The concept of Steve and Tom demonstrates the two models that make up the mindset of the vast majority of unfaithful persons who go on the relationship-saving and affair recovery journey - from cheater to healer - after their affair was discovered.
Steve and Tom represent the Healer’s Journey for these unfaithful men and women.
Steve and Tom could be represented by you ...
OR... Steve and Tom could be represented by your spouse/partner. (If you're the betrayed person reading this.)
(Please note that though I am using the masculine names of Steve and Tom, these unfaithful souls could very well be named Stephanie and Tammy. I fully realize that women cheat just as much as men.)
The reason I wrote this story of Steve and Tom is because this was my own post-affair transitional & healing journey from cheater to healer.
From being an ex-unfaithful person who selfishly wanted my wife “to just get over it,” (Steve) - to the ex-unfaithful person who would do “whatever it takes” to help her heal (Tom).
And through my extensive experience mentoring both unfaithful and betrayed people over the years, it’s become crystal clear that most everyone who has experienced infidelity struggles at some point with making this transition (or their spouse is struggling making the transition).
But that’s the end game.
It’s all the bullsh!+ and the pain and the trauma and the never ending challenges in the “messy middle” that’s important.
Professor of Psychology, David Buss once said,
“Adults learn through massive trauma.”
And I have to agree.
As stated, when I started my journey, I was the Steve archetype. No question about it, I was flawed in so many ways it’s still hard to come to grips with. I was messed up – a giant selfish, ego-driven, asshole coward.
Along the way, I learned that Steve wasn’t capable of contributing to the recovery process, much less be a catalyst for healing.
Whatever opportunity Steve had to make a real difference he would gaslight, stonewall and/or get angry. There was a real opportunity for making a positive difference, but life off the hamster wheel always eluded him.
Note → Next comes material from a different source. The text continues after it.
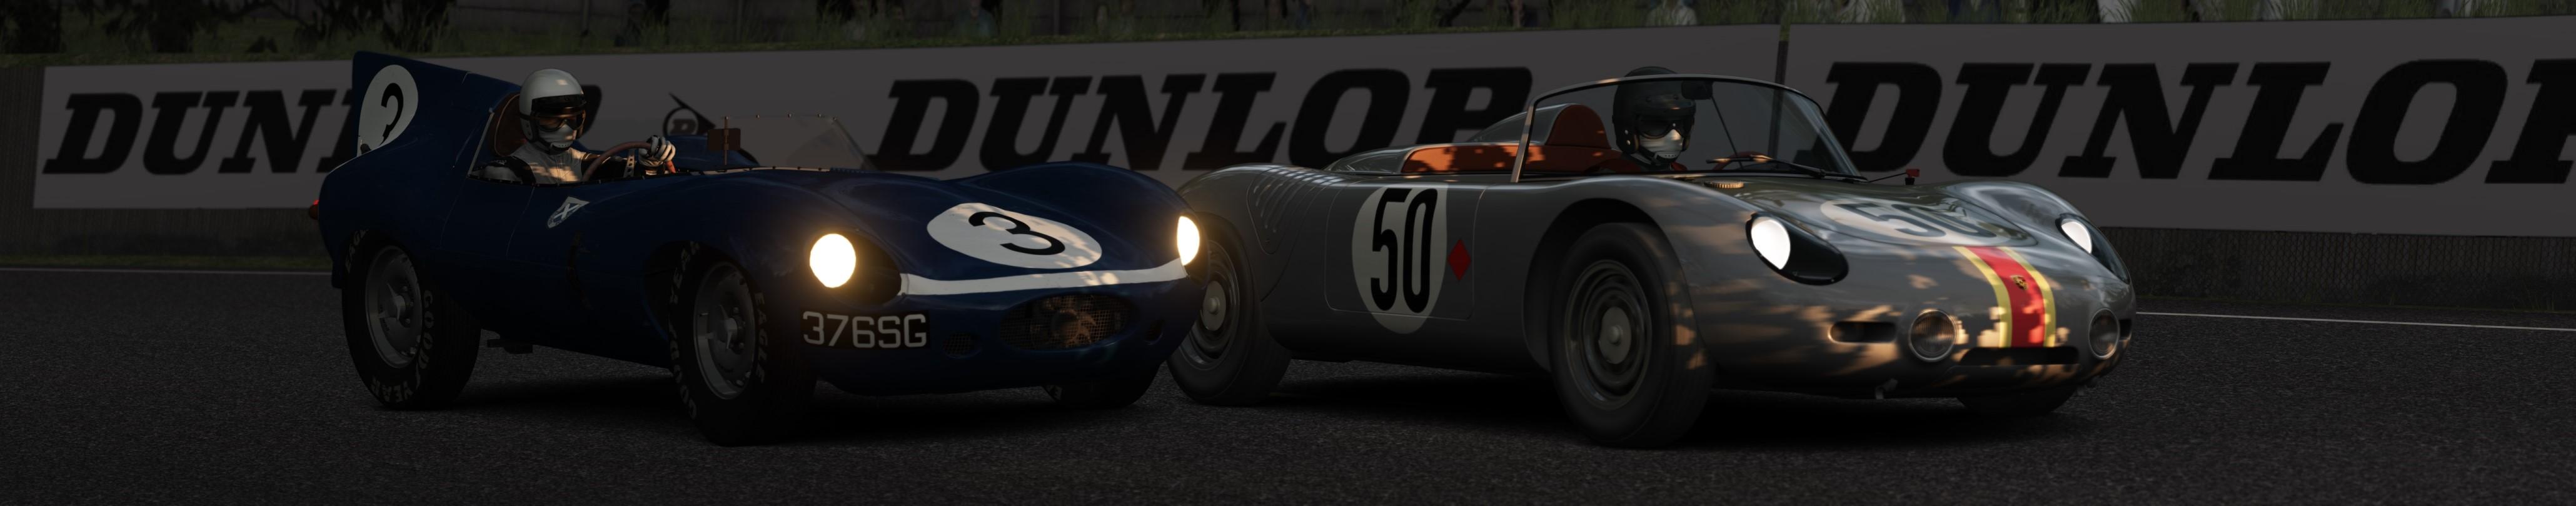 Screenshot_jaguardtype_le_grand_circuit_1967_29-3-119-15-59-33.jpg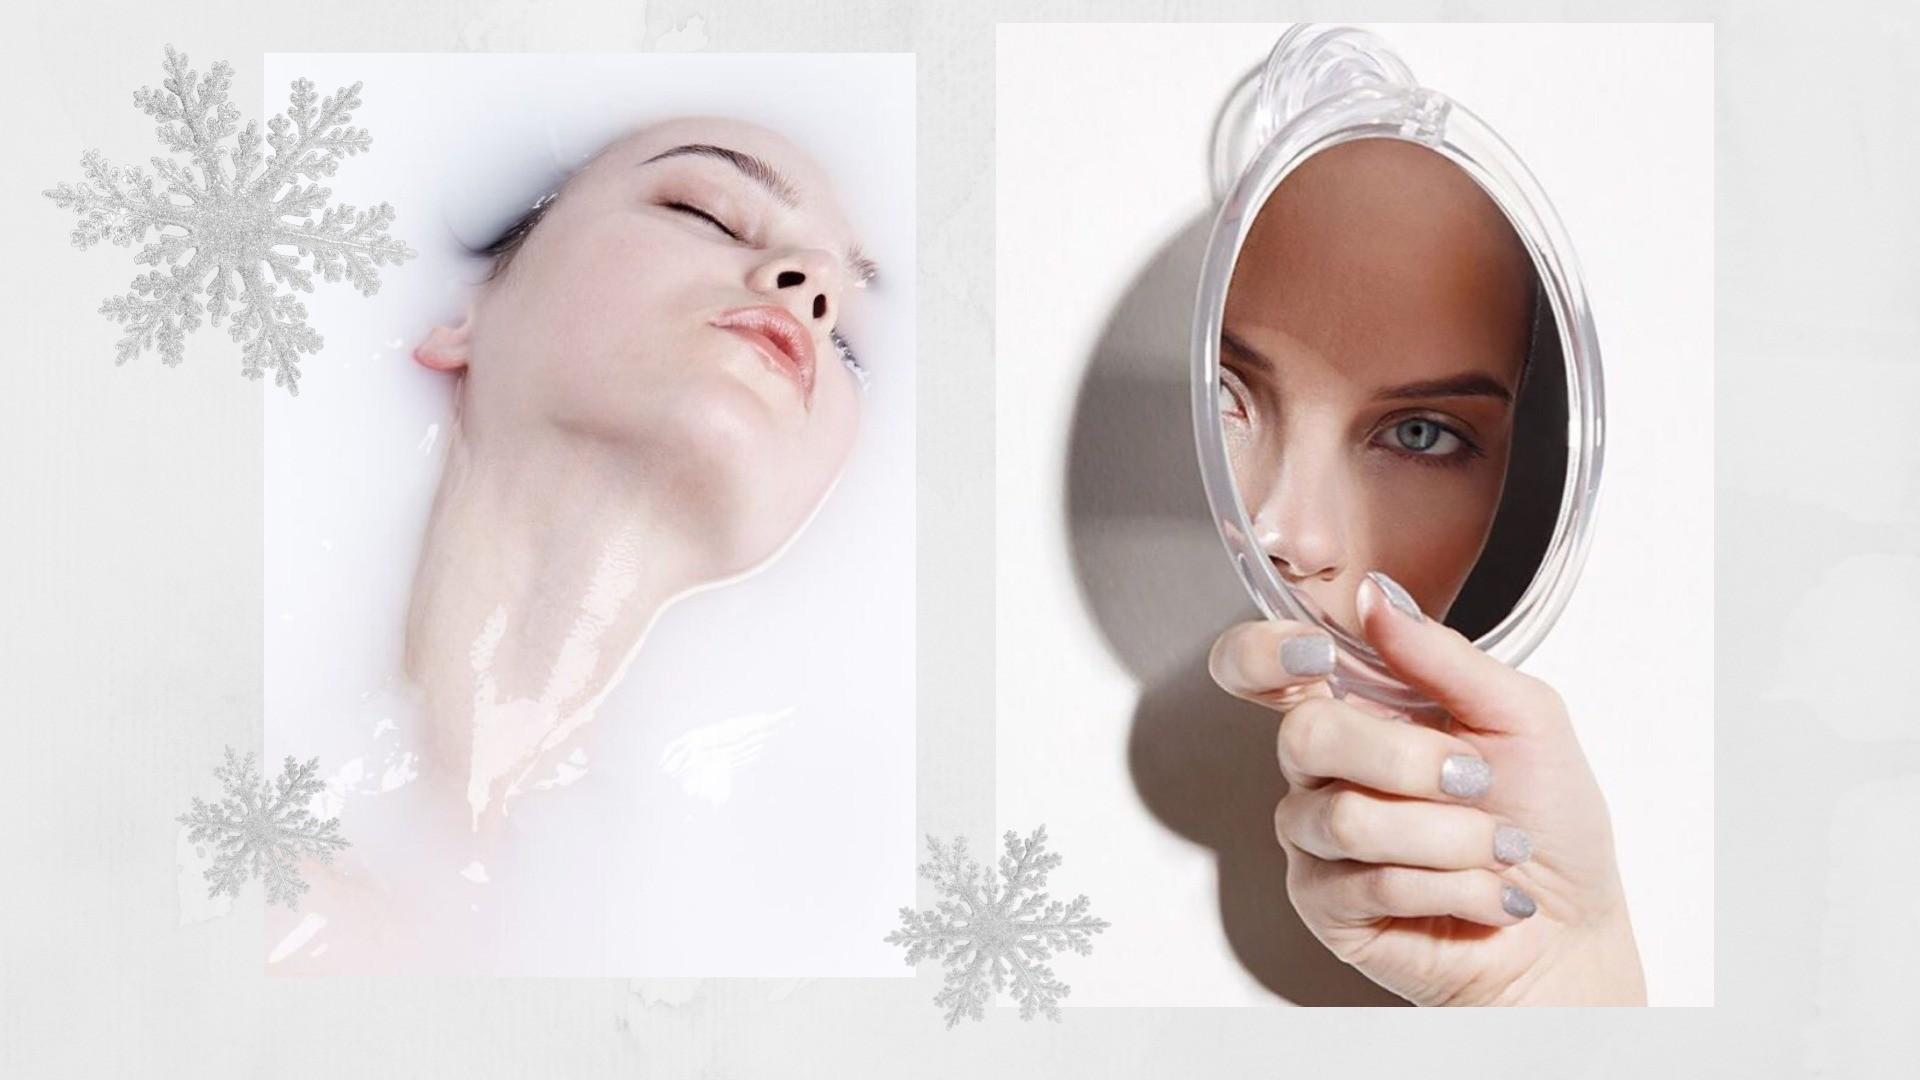 Топ-4 части твоего тела, которым нужна особенная забота зимой

He had to embrace change. He had to transform himself.
As Steve, when entrenched in the battle and crisis mode, I discovered (through Linda’s gentle nudge) that I had a choice:
- I could remain behaving as Steve and never earn back the love, trust and respect (and more) of my wife of nearly 30 years – and even possibly end up divorced.
- Or…I could transform myself into a very different model represented by Tom in this journey.
The transformation itself was not instant nor easy, of course.
It wasn’t like flicking a light switch.
Sadly, no. It doesn’t work like that.
The only way to make the transformation from cheater to healer was to choose to do so. To go on the journey and take the path to healing.
The “secret” — the elixir I had discovered and wanted to share through my story — would help the Steves of the world to navigate the treacherous waters and emerge on the other side as Tom.
But not everyone who attempted the journey would come out the other side transformed.
Many who claim to be committed to the recovery process are not fully enrolled in the journey, don’t seem to care enough about the change required to transform, so they remain Steve and remain on the hamster wheel indefinitely.